My dad's got a Hitachi SR-903 amp, 20+ years old, that does 110 watts x 4 ohms and I have some AA Poly-Mids as well as some PG RSD's lying around. I'm a little bored, so I was thinking about throwing them together for an upgrade from the stock TV speakers.

Any recommendations for enclosure size for the mids? Poly-Mids or RSD mids? And I was going to just use the RSD crossover, unless someone can direct to a better and cheap alternative (under $30).


----------



## Ga foo 88 (Dec 18, 2005)

I have the x-over schematic for the AA poly + vifa xt25 if that interests you, however i have no idea on the price of the x-over parts...


----------



## czechm8 (Oct 15, 2008)

Start with a .5 cf cabinet. 
Do those mids have a phase plug? You might get some chuffing if you use a sealed cabinet so you might want to port them.

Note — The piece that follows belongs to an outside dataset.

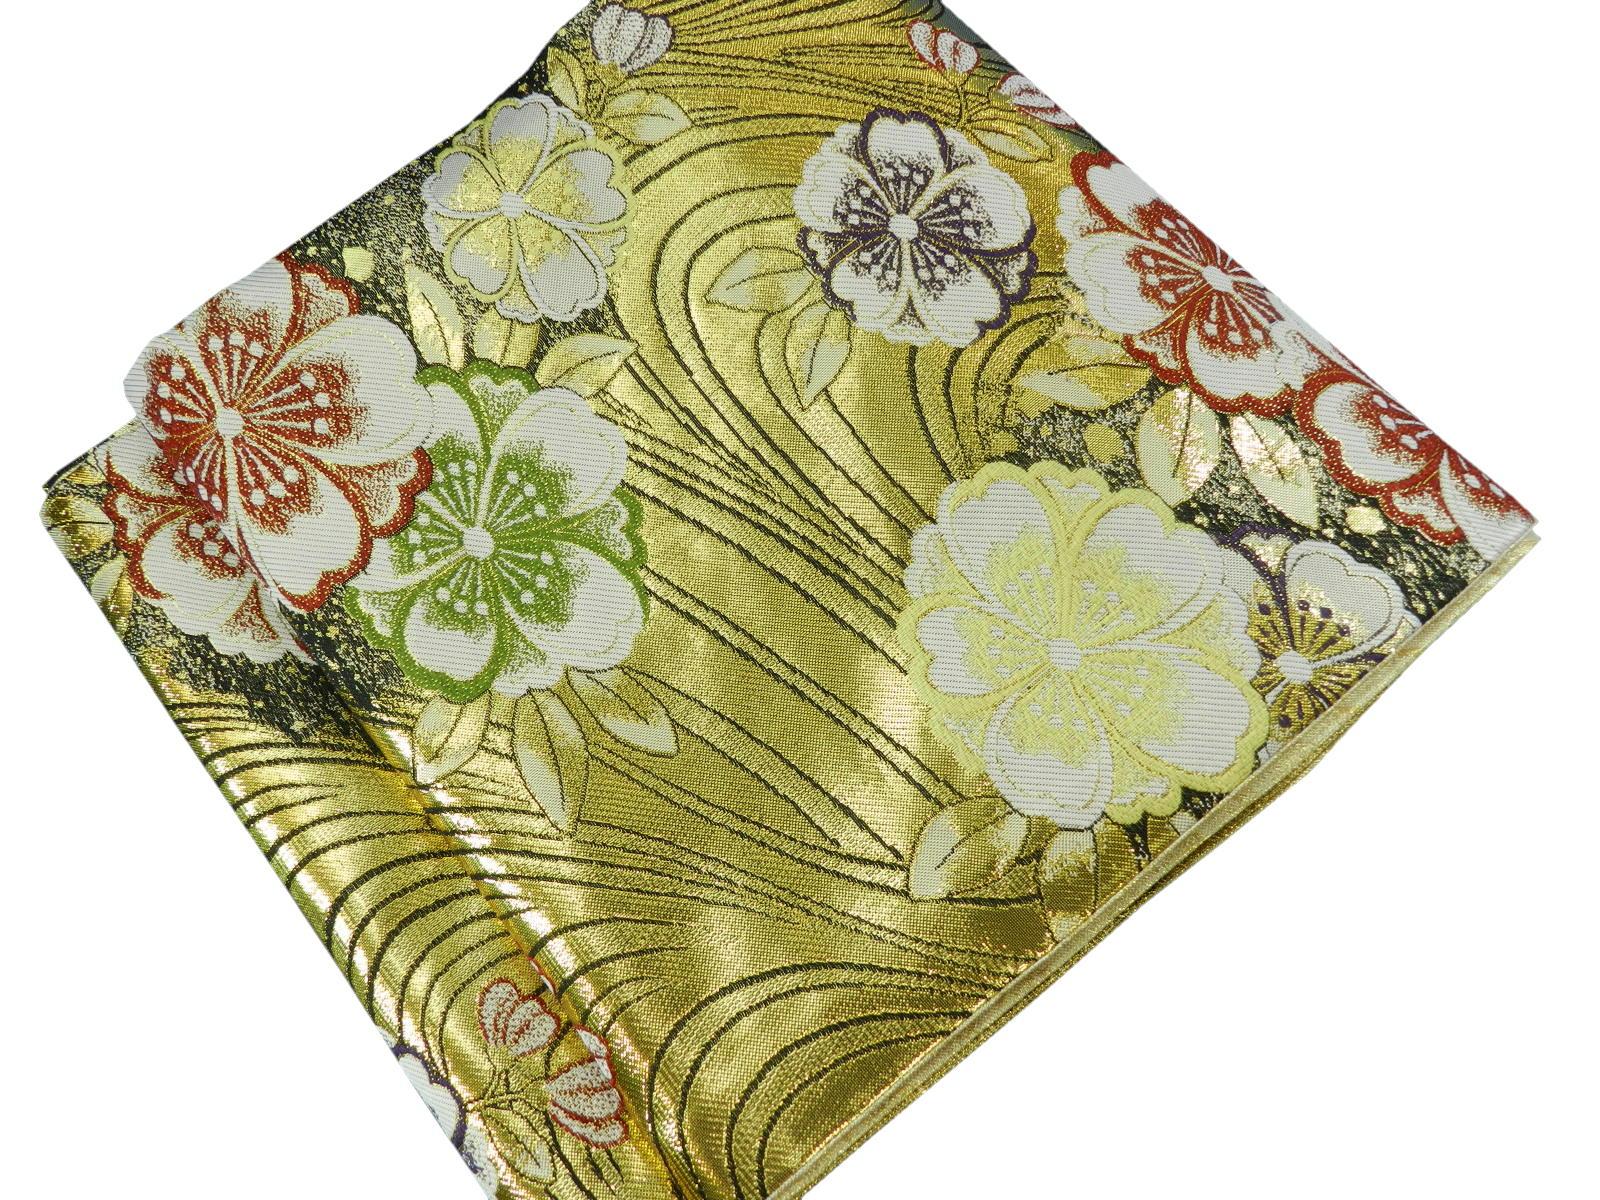 袋帯 正絹 西陣帯日本製 未仕立て振袖 訪問着にセール金額

They should work OK for general listening and room fill, but the on-axis response will not be ideal.


----------



## ItalynStylion (May 3, 2008)

czechm8 said:


> Start with a .5 cf cabinet.
> Do those mids have a phase plug? You might get some chuffing if you use a sealed cabinet so you might want to port them.
> 
> They should work OK for general listening and room fill, but the on-axis response will not be ideal.


Do you mean chuffing through the center of the cone through the gap? I'm pretty sure these have an inverted dust cap so they are sealed completely.


----------



## czechm8 (Oct 15, 2008)

ItalynStylion said:


> Do you mean chuffing through the center of the cone through the gap? I'm pretty sure these have an inverted dust cap so they are sealed completely.


Yes. I had a set of convertible comps I put in small sealed enclosures and got a lot of noise around the phase plug gap. I ended up porting the enclosures.


----------



## ItalynStylion (May 3, 2008)

czechm8 said:


> Yes. I had a set of convertible comps I put in small sealed enclosures and got a lot of noise around the phase plug gap. I ended up porting the enclosures.


Interesting...I'd always wondered about this with drivers like the Focal 6w4311.


----------



## Spasticteapot (Mar 5, 2007)

Sell me the AA Polys to me and build some of these!

Pete Schumacher's Bookshelf RS125/HiVi K1. - Tech Talk


----------



## Ga foo 88 (Dec 18, 2005)

I would agree with selling what you have and trying a design floating around the internet that is proven.


----------